Et il désacralise la seconde dîme qu’il séparera à l’avenir, en transférant sa sainteté à de l’argent, et il peut boire le vin immédiatement, en s’appuyant sur la séparation qu’il effectuera plus tard, laquelle clarifiera rétroactivement quel log il a désigné pour les dîmes et pour la terouma. Telle est la déclaration de Rabbi Meir. Cependant, Rabbi Yehuda, Rabbi Yosei et Rabbi Shimon interdisent cette pratique, car ils estiment que, dans ce cas, il n’y a pas de clarification rétroactive. Il est donc évident que, selon Rabbi Yehuda, il n’y a pas de clarification rétroactive lorsqu’une personne fait dépendre la clarification de sa propre décision.
תּוֹלֶה בְּדַעַת אֲחֵרִים אִית לֵיהּ בְּרֵירָה – דִּתְנַן: מָה הִיא בְּאוֹתָן הַיָּמִים?
En revanche, dans un cas où quelqu’un rend l’issue dépendante de la décision d’autrui, Rabbi Yehouda accepte le principe de la clarification rétroactive, comme nous l’avons appris dans une michna (73a) : Dans un cas où un mari malade dit à sa femme : Ceci est ton acte de divorce à partir de maintenant si je meurs de cette maladie, s’il meurt, l’acte de divorce prend effet à partir du moment de sa déclaration. La michna demande : Quel est le statut halakhique de la femme en ces jours-là entre le moment où l’acte de divorce a été remis et avant que le mari ne meure ?

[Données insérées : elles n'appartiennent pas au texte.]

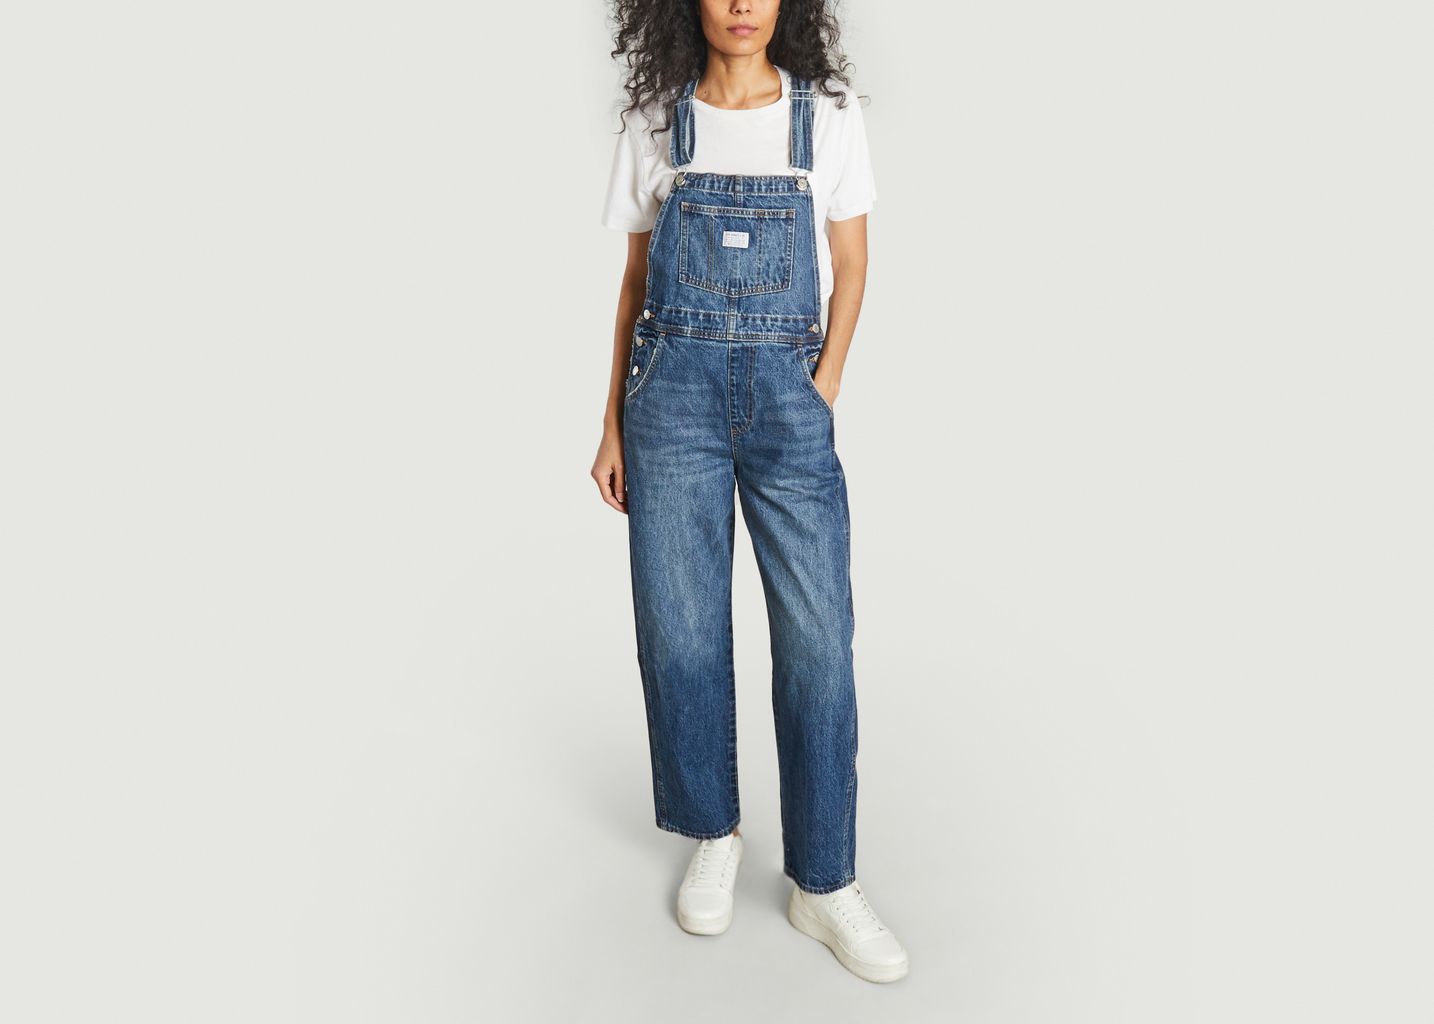 Vintage Overall Latzhose  - Levi's Red Tab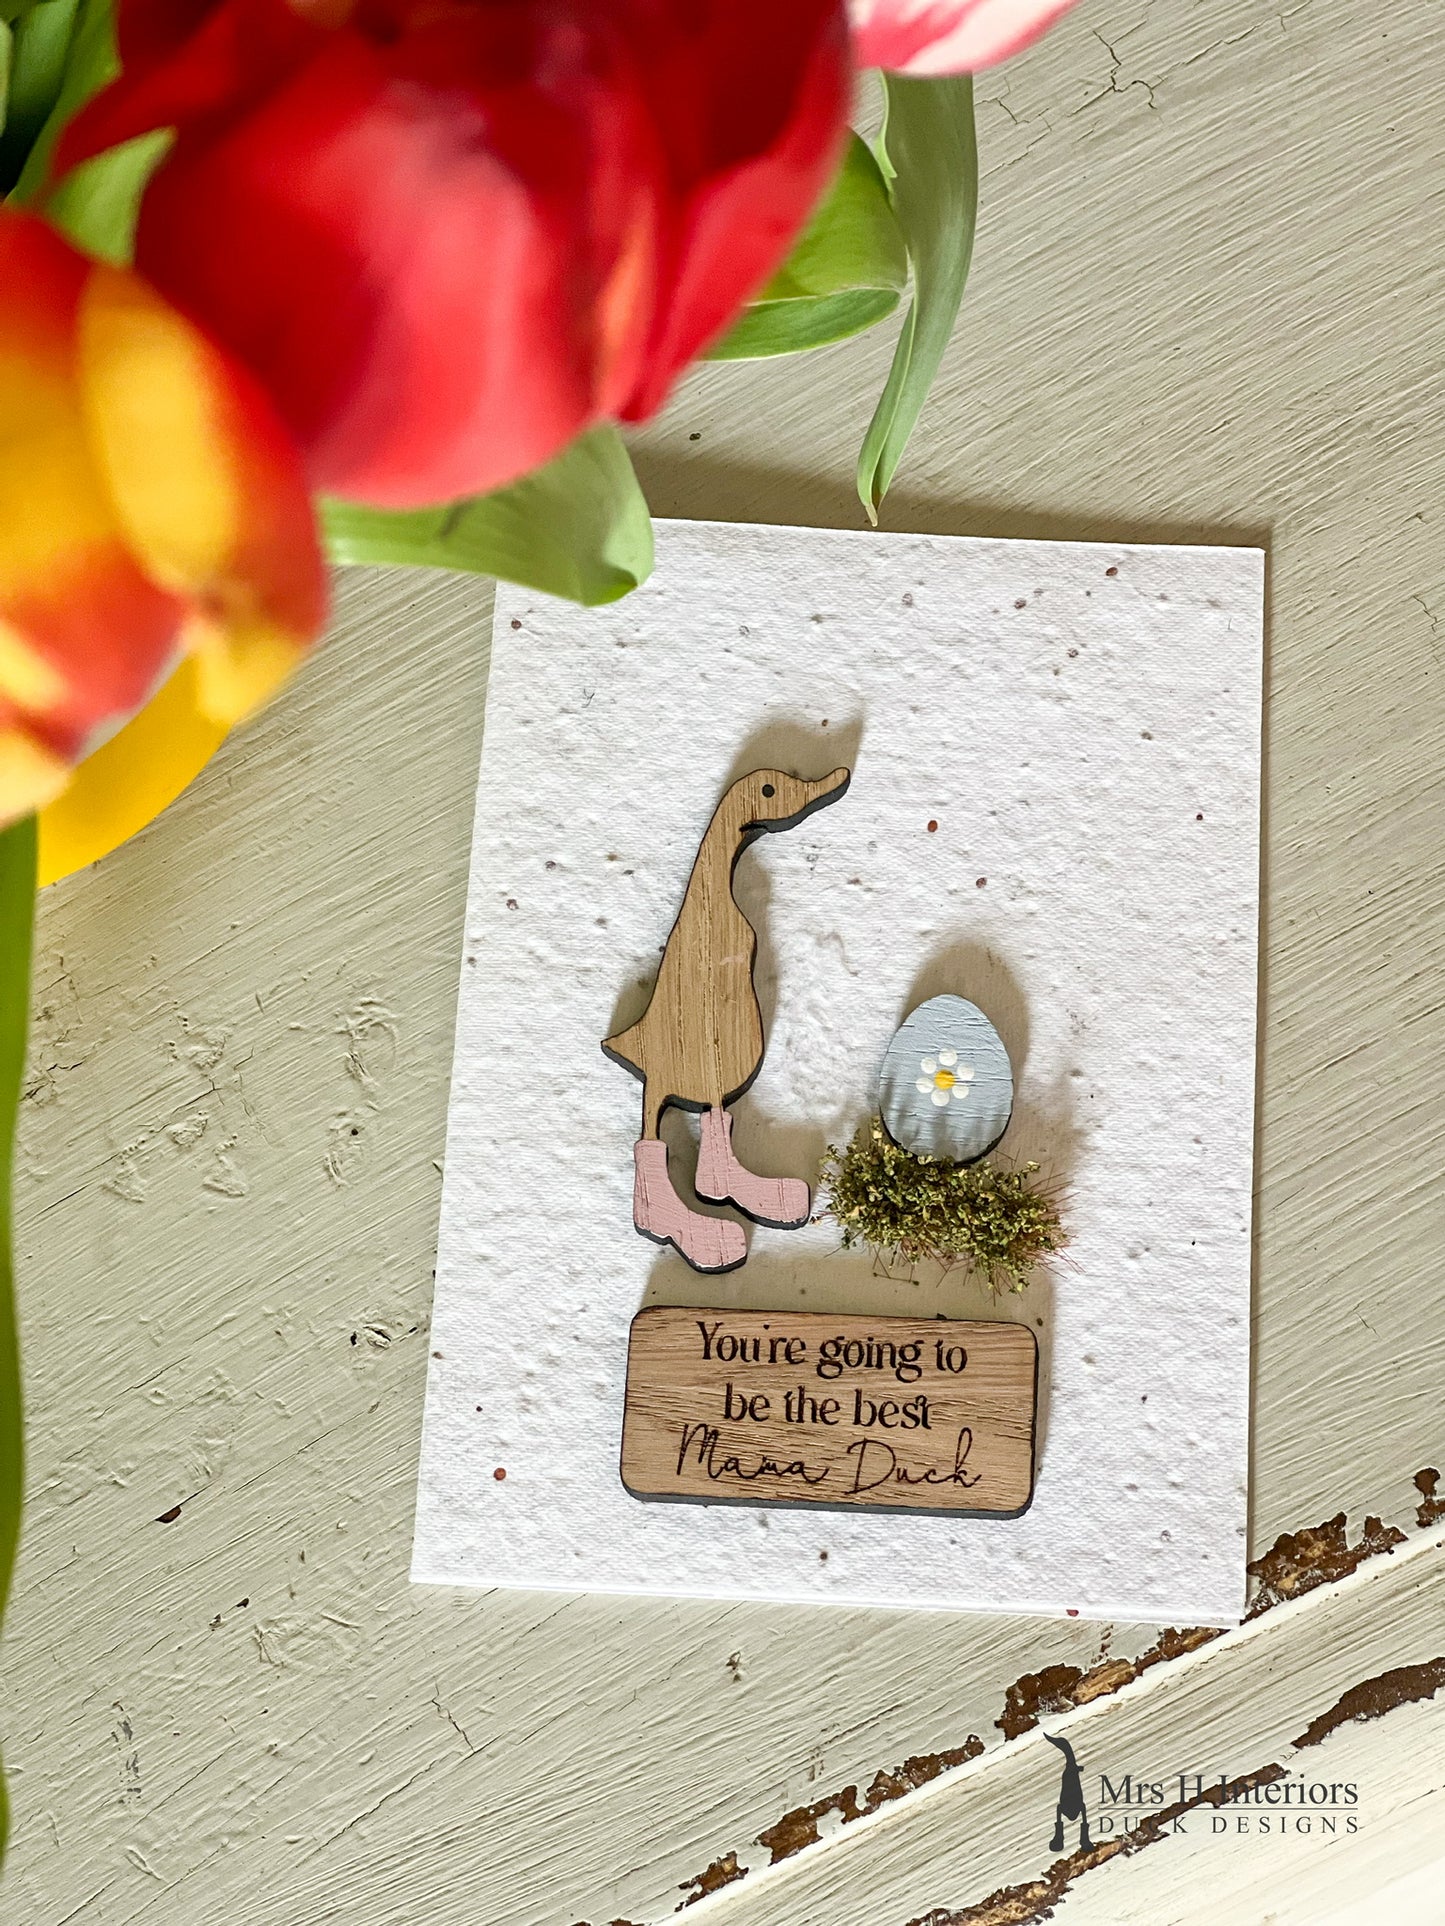 You're Going To Be The Best Mama Duck - Duck with Egg - Mother To Be Card - Decorated Wooden Duck in Boots by Mrs H the Duck Lady

רַבִּי יְהוּדָה אוֹמֵר: הֲרֵי הִיא כְּאֵשֶׁת אִישׁ לְכׇל דְּבָרֶיהָ, וּלְכִי מָיֵית הָוֵי גִּיטָּא.
Rabbi Yehouda dit : Elle est comme une femme mariée en ce qui concerne toutes ses affaires, et elle demeure interdite aux autres hommes ; et lorsqu’il mourra, c’est un acte de divorce. La mort est équivalente à une chose qui dépend de la décision d’autrui. Puisque Rabbi Yehouda convient que l’acte de divorce prend effet rétroactivement, puisqu’il ne peut pas prendre effet après la mort du mari, il soutient manifestement qu’il existe une clarification rétroactive lorsque l’on fait dépendre la clarification de la décision d’autrui.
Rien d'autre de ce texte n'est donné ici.